When Docker first showed up, I laughed. “A wrapper for LXC? I can write my own cgroups, thanks.” But then the microservices era hit like a freight train. Suddenly, I wasn’t managing one monolith; I was managing twelve different services, three different databases, and a message broker.
I tried to keep the old faith. I wrote a master deployment script. It was a masterpiece of if-else blocks, sed commands, and grep hacks. It would SSH into five different boxes, pull the latest code, and run a series of docker run commands.
# The old way - A fragment of my descent into madness
docker run -d --name pg-db -e POSTGRES_PASSWORD=password123 -v /mnt/data/pg:/var/lib/postgresql/data postgres:15-alpine
docker run -d --name redis-cache redis:7.0-bullseye
docker run -d --name api-srv --link pg-db:db --link redis-cache:redis -p 8080:8080 my-api:latest
# Wait, I forgot the network. And the restart policy. And the log rotation.
# And if the API starts before the DB is ready, it crashes.
# So I add a 'sleep 30'. God help me.
The “AHA” moment didn’t come during a keynote speech. It came when I had to explain to a new hire how to set up the local dev environment. It took him three days. He had the wrong version of Redis. His Postgres container couldn’t see the API container because he’d messed up the bridge network naming. I looked at my 500-line Bash script, then I looked at his broken terminal, and I realized I was the problem. I was holding onto a “bare-metal” ego while the world was moving toward declarative state.
I realized that docker run is a command, but docker-compose.yml is a contract.
YAML: The Necessary Evil of Declarative State
I hate YAML. I hate the whitespace sensitivity. I hate that it feels like a configuration language designed by people who think tabs are a sin. But I hate downtime more.
When I finally swallowed my pride and moved to Docker Compose (specifically the V2 specification), the first thing I noticed was the sanity of the depends_on and healthcheck parameters. No more sleep 30 in my Bash scripts. No more hoping the database was ready to accept connections before the application layer tried to bind to it.
Here is the anatomy of the beast that replaced my 500-line script. It’s not “pretty,” but it’s deterministic. It’s idempotent. If I run it ten times, I get the same result ten times.

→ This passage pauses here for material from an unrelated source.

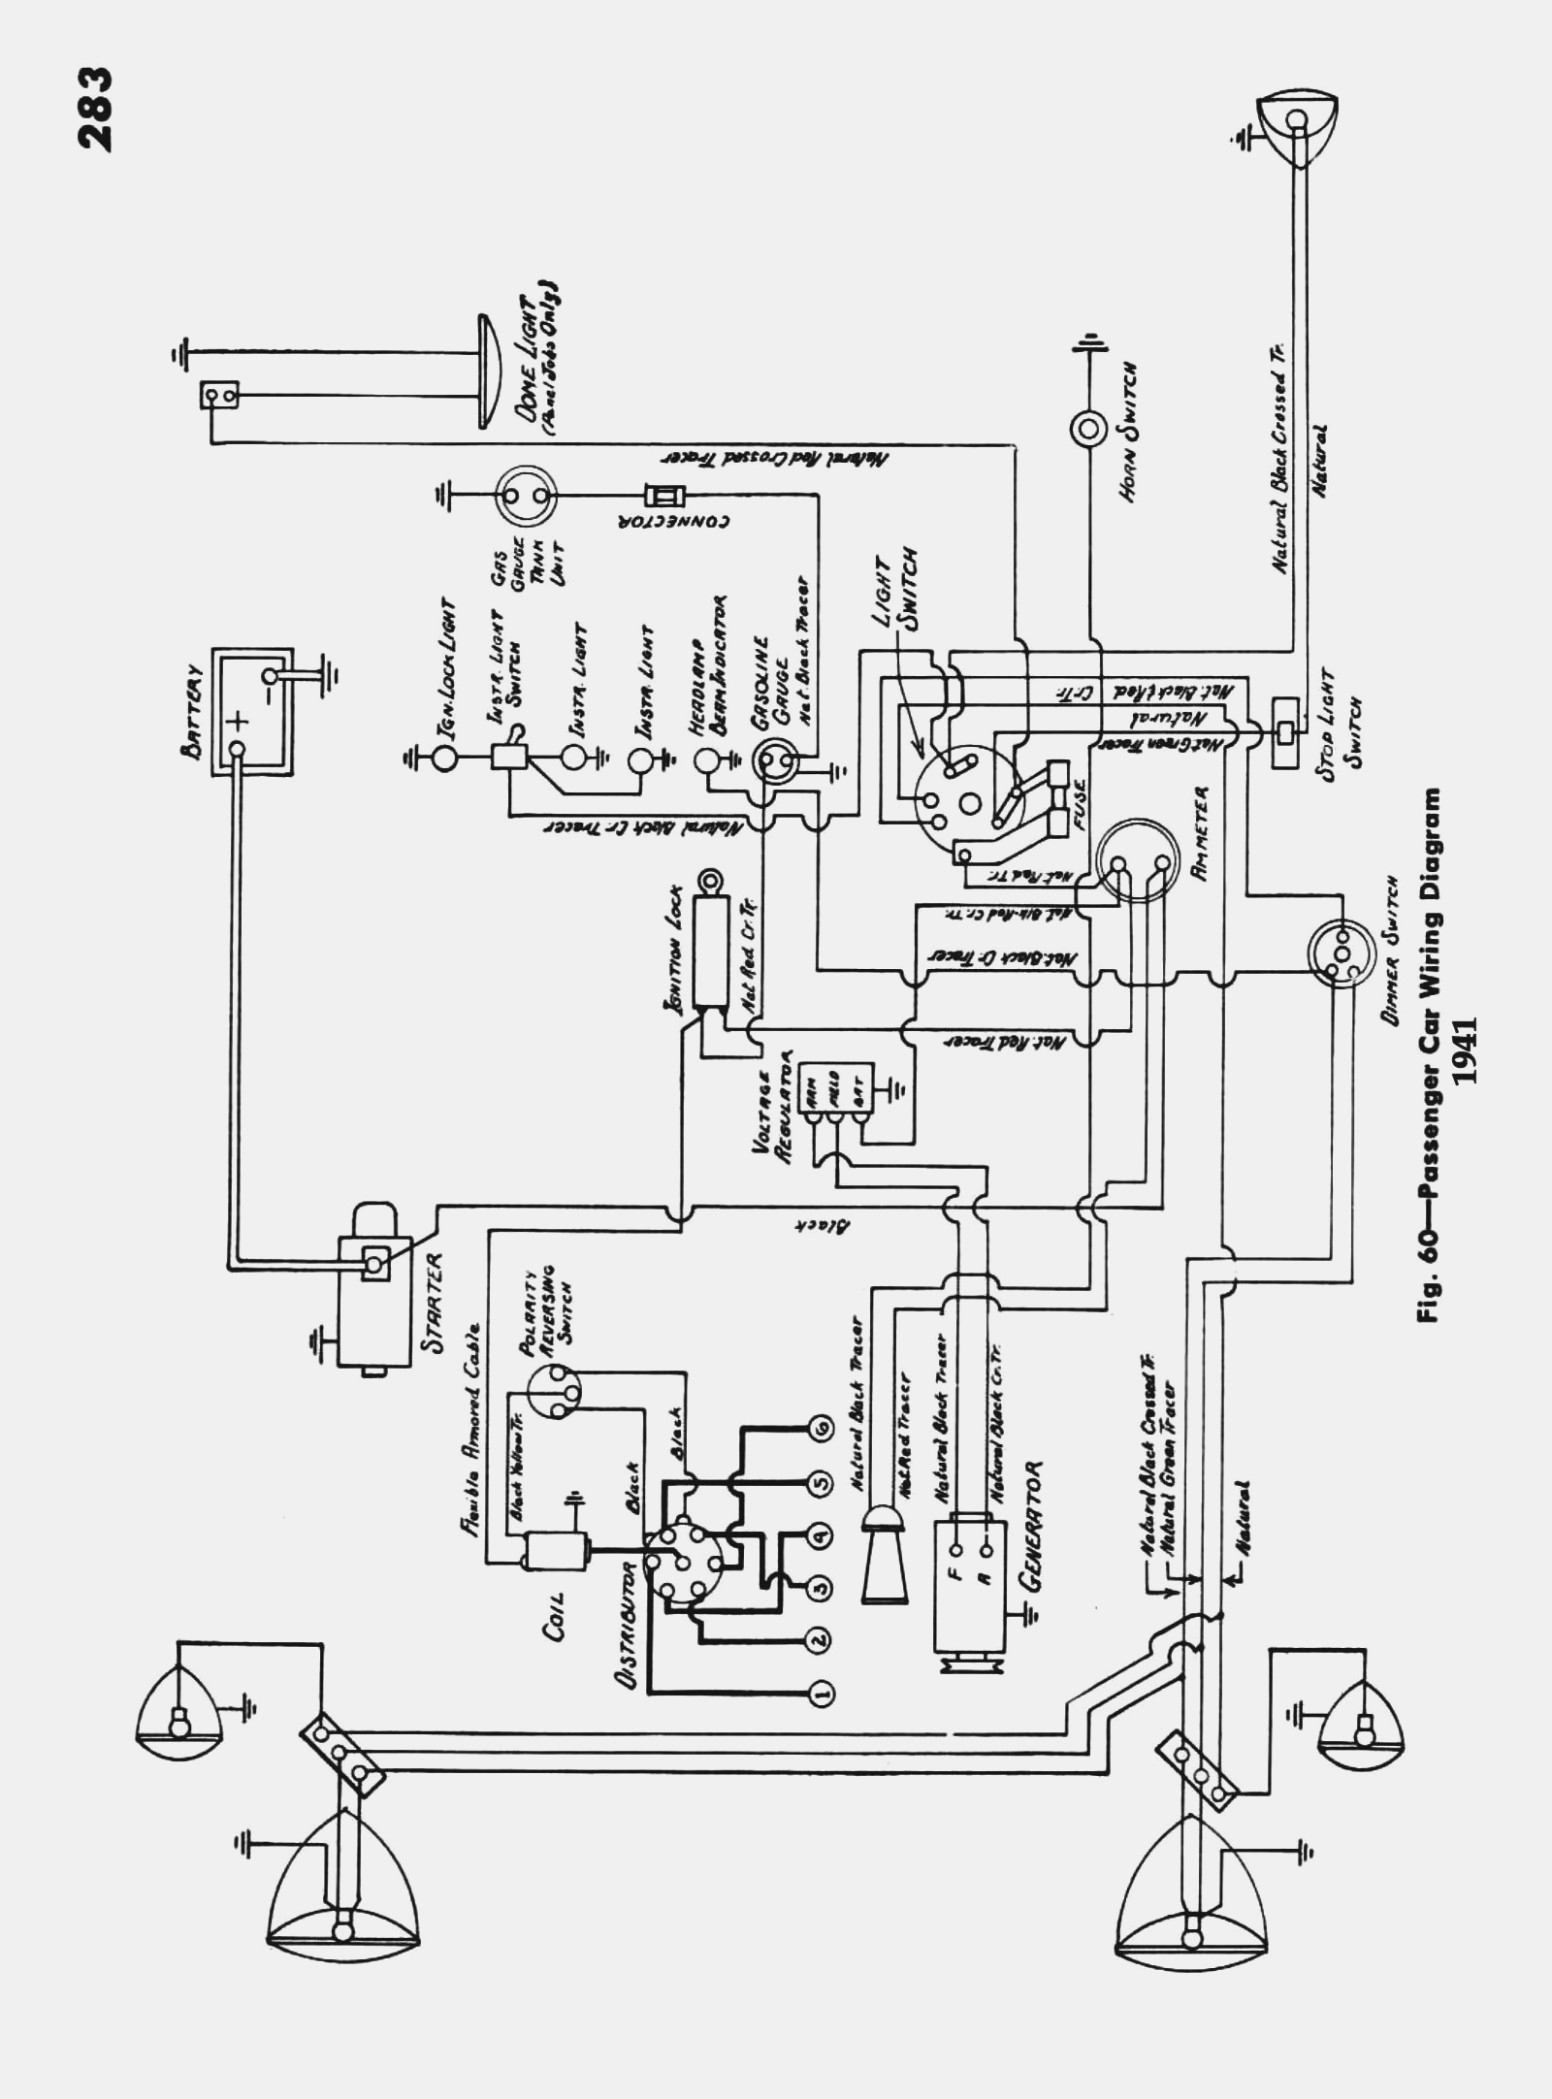 International Truck Dpf Wiring Diagram | Wiring Diagram - International Truck Wiring Diagram Manual

That is a luxury I never had with bare metal.
version: '3.8' # Now part of the Compose Spec
services:
db:
image: postgres:15-alpine
container_name: production_db
restart: always
environment:
POSTGRES_USER: ${DB_USER:-admin}
POSTGRES_PASSWORD: ${DB_PASSWORD}
POSTGRES_DB: settlement_prod
volumes:
- pgdata:/var/lib/postgresql/data
healthcheck:
test: ["CMD-SHELL", "pg_isready -U admin -d settlement_prod"]
interval: 10s
timeout: 5s
retries: 5
networks:
- backend
cache:
image: redis:7.0-bullseye
command: redis-server --save 60 1 --loglevel warning
volumes:
- redisdata:/data
networks:
- backend
api:
build:
context: ./services/api
dockerfile: Dockerfile
depends_on:
db:
condition: service_healthy
cache:
condition: service_started
env_file: .env
ports:
- "8080:8080"
networks:
- backend
- frontend
networks:
frontend:
backend:
internal: true
volumes:
pgdata:
redisdata:
Look at that healthcheck. In the old days, I’d have a cron job or a Nagios check that would alert me after the service failed. Here, the api service won’t even attempt to spawn until the db service reports it’s actually ready to handle queries. That’s not just a feature; it’s a preventative measure against the 3 AM wake-up call.
The Networking Lies We Tell Ourselves
On bare metal, networking was simple. You had an IP. You had a port. You had a firewall. If you wanted two services to talk, you pointed them at each other’s static IPs.
In the container world, networking is a hall of mirrors. I spent weeks fighting with the Docker bridge. I’d see errors like this in the logs:
api-srv | 2023/10/12 14:22:11 Error connecting to database: dial tcp 172.18.0.2:5432: connect: connection refused
api-srv | 2023/10/12 14:22:11 Retrying in 5 seconds...
api-srv | 2023/10/12 14:22:16 Error connecting to database: dial tcp: lookup db on 127.0.0.11:53: no such host
The 127.0.0.11:53 address is the Docker embedded DNS server. It’s a fickle beast. If you don’t define your networks properly in Compose, your services are just shouting into the void.
The “Veteran” in me wanted to use network_mode: host for everything. “Just give me the raw throughput!” I’d scream at the screen. But host mode is a trap. It destroys the isolation that makes containers useful. It leads to port collisions that remind me of the dark days of trying to run two instances of Apache on the same box.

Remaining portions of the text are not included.